Dynamic ID Partitioning - Amazon Athena

Dynamic ID Partitioning

You might have tables partitioned on a unique identifier column that has the following characteristics:

  • Adds new values frequently, perhaps automatically.

  • Cannot be easily generated. They might be user names or device IDs of varying composition or length, not sequential integers within a defined range.

For such partitioning schemes, the enum projection type would be impractical for the following reasons:

  • You would have to modify the table properties each time a value is added to the table.

  • A single table property would have millions of characters or more.

  • Projection requires that all partition columns be configured for projection. This requirement could not be avoided for only one column.

To overcome these limitations, you can use injection or bucketing.

Injection

If your query pattern on a dynamic ID dataset always specifies a single value for the high cardinality partition column, you can use value injection. Injection avoids the need to project the full partition space.

Imagine that you want to partition an IoT dataset on a UUID field that has extremely high cardinality like device_id.

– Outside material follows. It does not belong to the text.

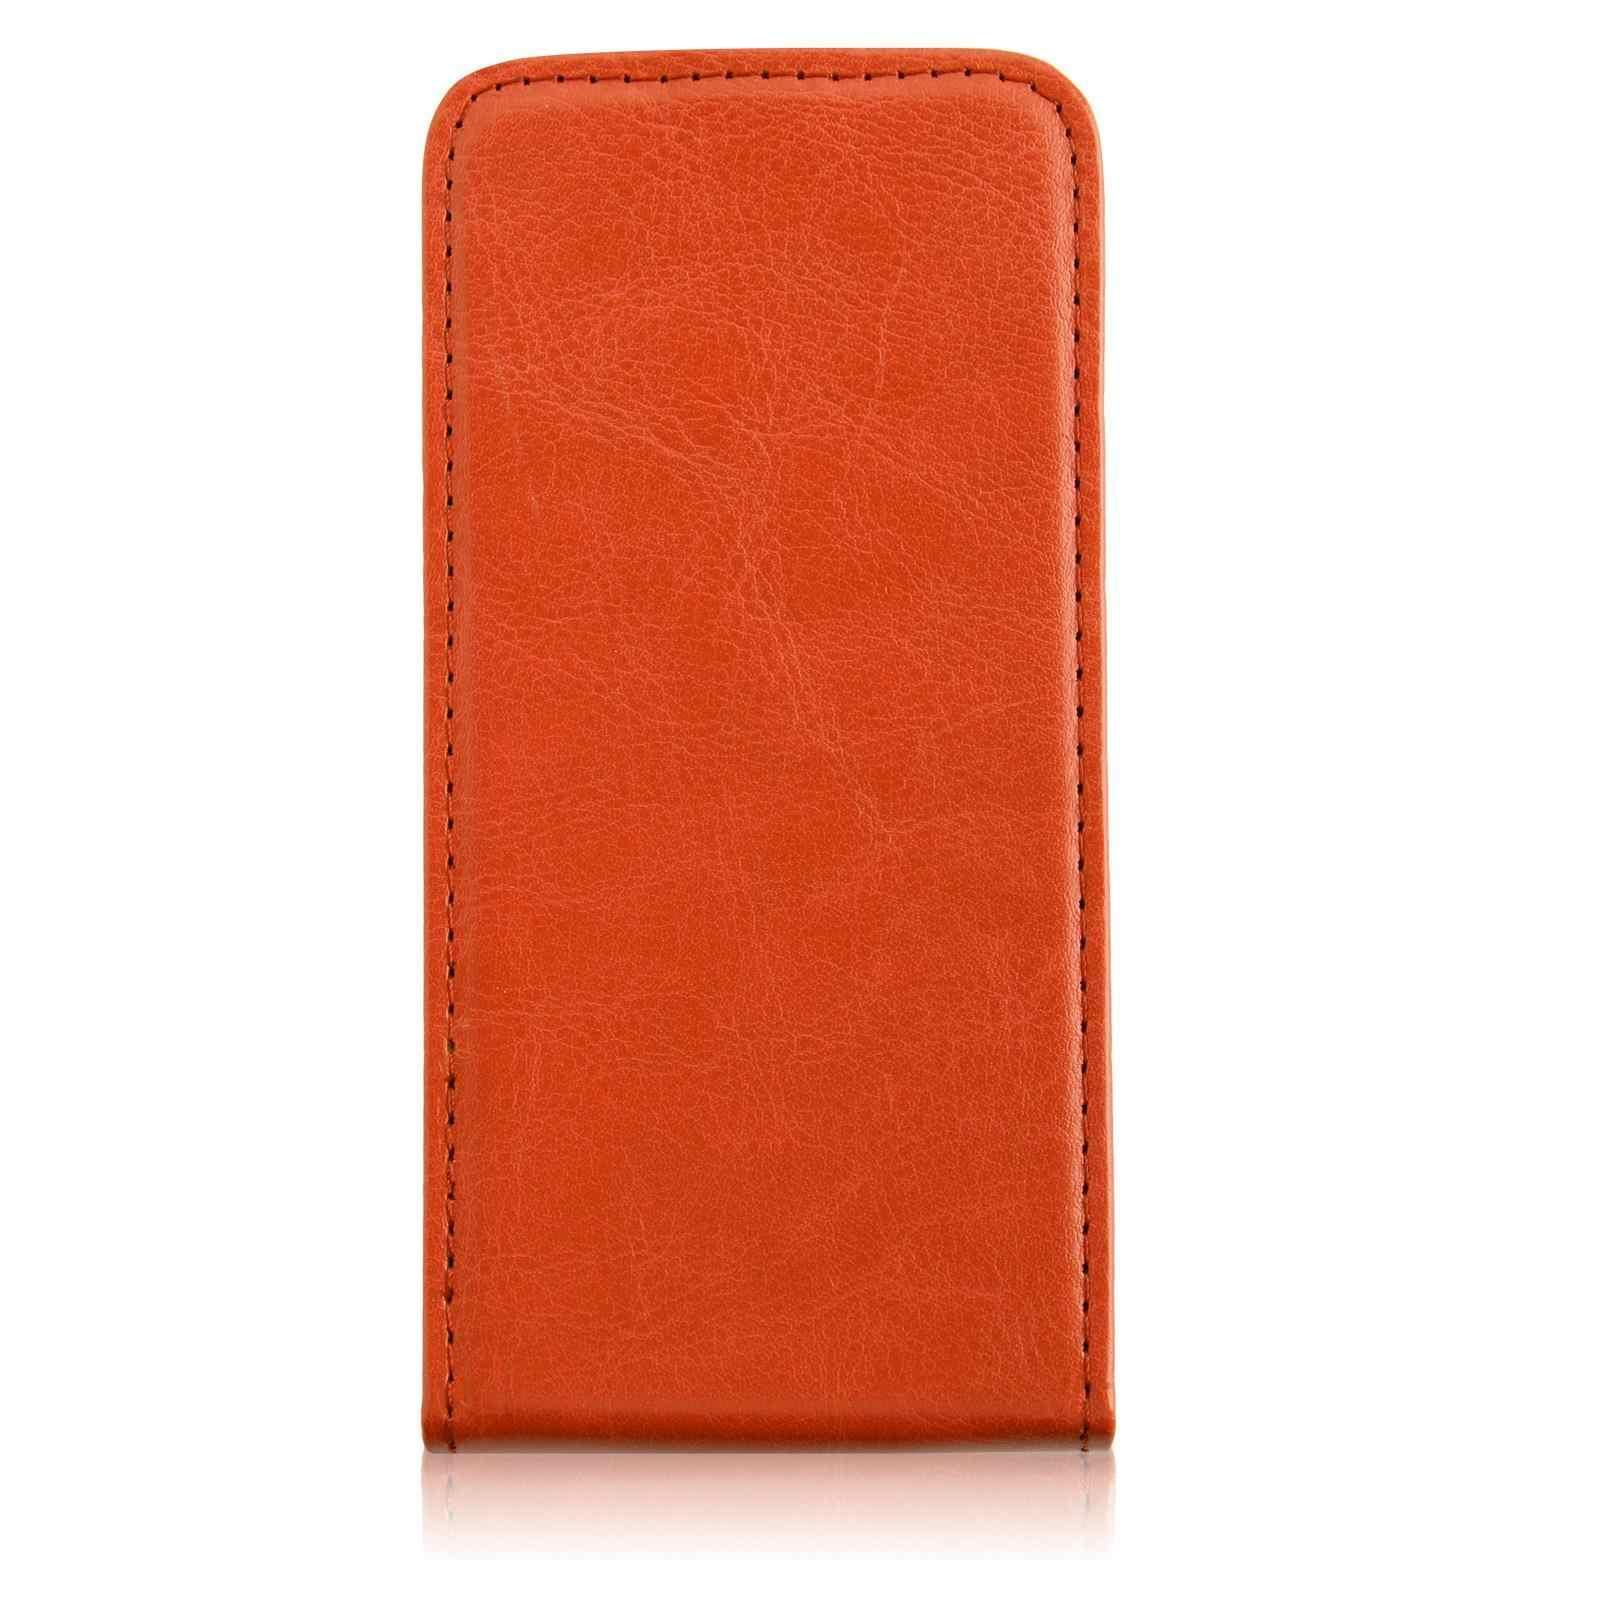 7 ألوان حقيقية محفظة جلدية الهاتف حقيبة لهاتف أي فون 6 ل مجموعات الايفون قضية الوجه الأوساخ مقاومة مكافحة تدق الحقيبة

The field has the following characteristics:

  • An extremely high number (potentially billions) of values.

  • Because its values are random strings, it is not projectable using other projection methods.

  • The extremely large number of partitions cannot be stored in commonly used metastores.

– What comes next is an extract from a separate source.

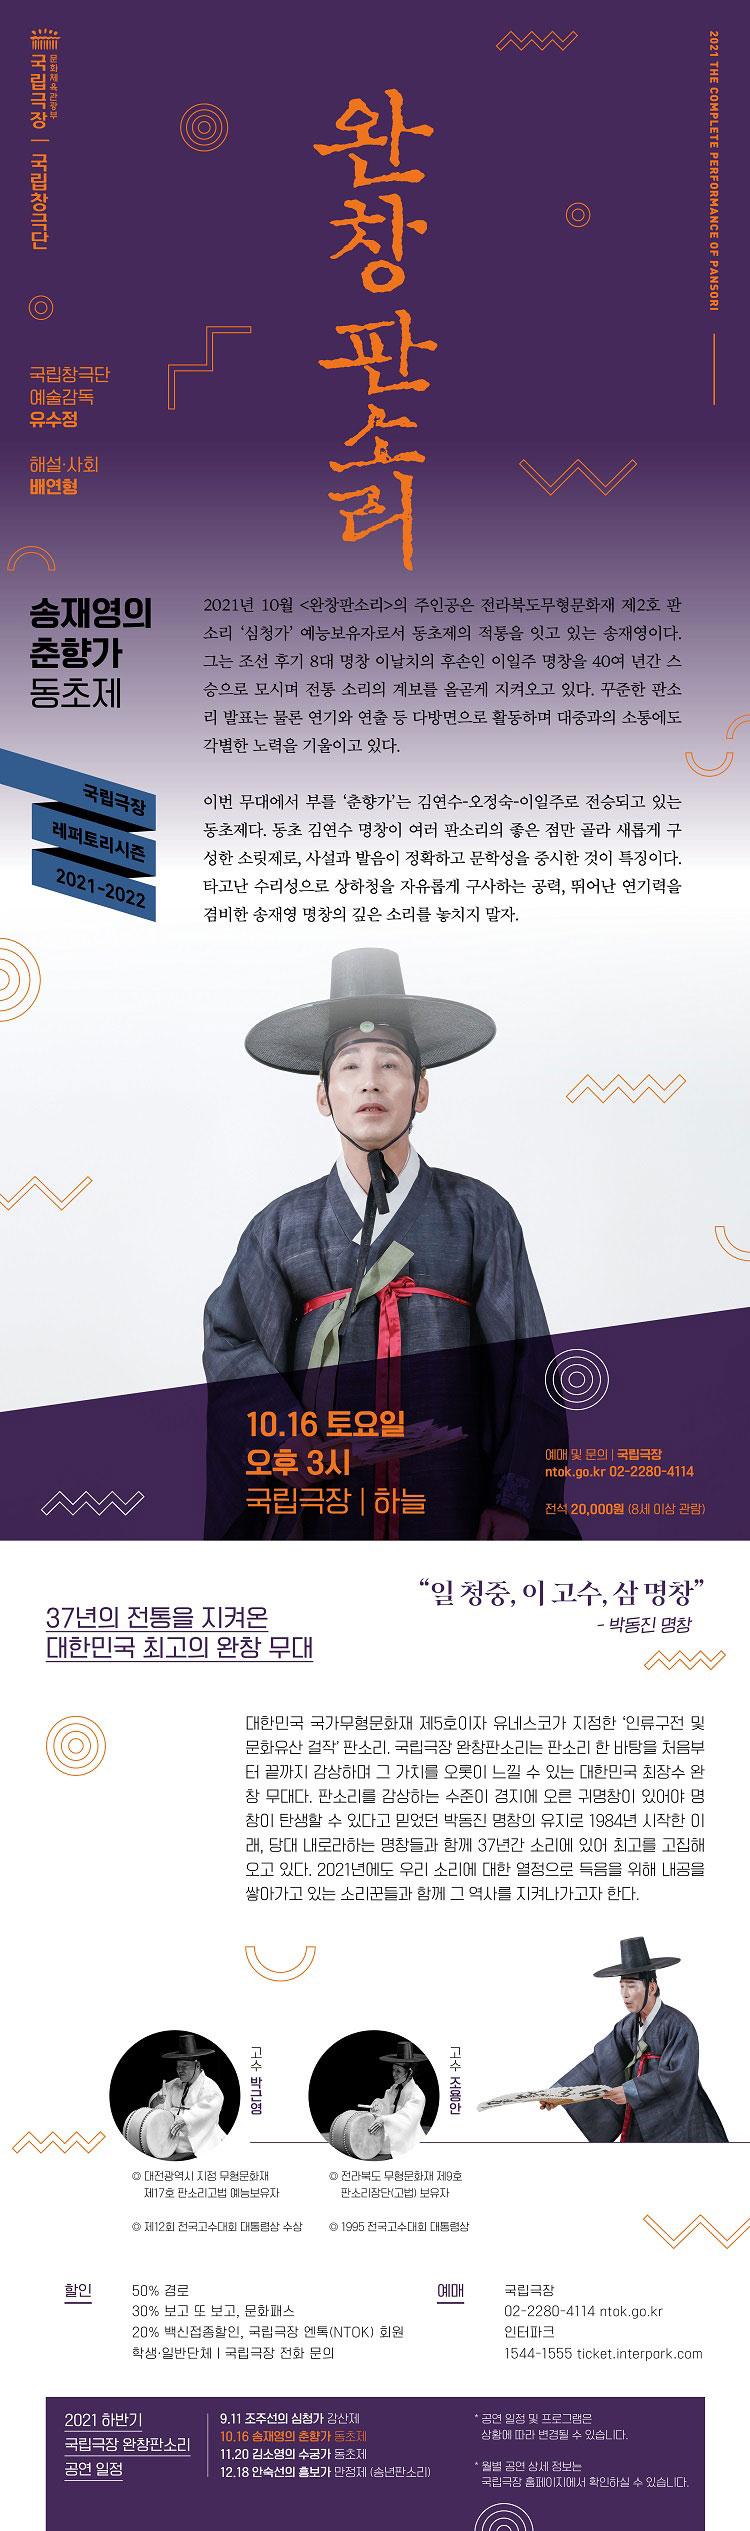 10월 16일 서울 국립극장 완창판소리 공연 '송재영 춘향가 - 동초제'

However, if all of your queries include a WHERE clause that filters for only a single device_id, you can use the following approach in your CREATE TABLE statement.

... PARTITIONED BY ( device_id STRING ) LOCATION "s3://bucket/prefix/" TBLPROPERTIES ( "projection.enabled" = "true", "projection.device_id.type" = "injected", "storage.location.template" = "s3://bucket/prefix/${device_id}" )

A SELECT query on a table like this looks like the following:

SELECT col1, col2,..., device_id FROM table WHERE device_id = "b6319dc2-48c1-4cd5-a0a3-a1969f7b48f7" AND ( col1 > 0 or col2 < 10 )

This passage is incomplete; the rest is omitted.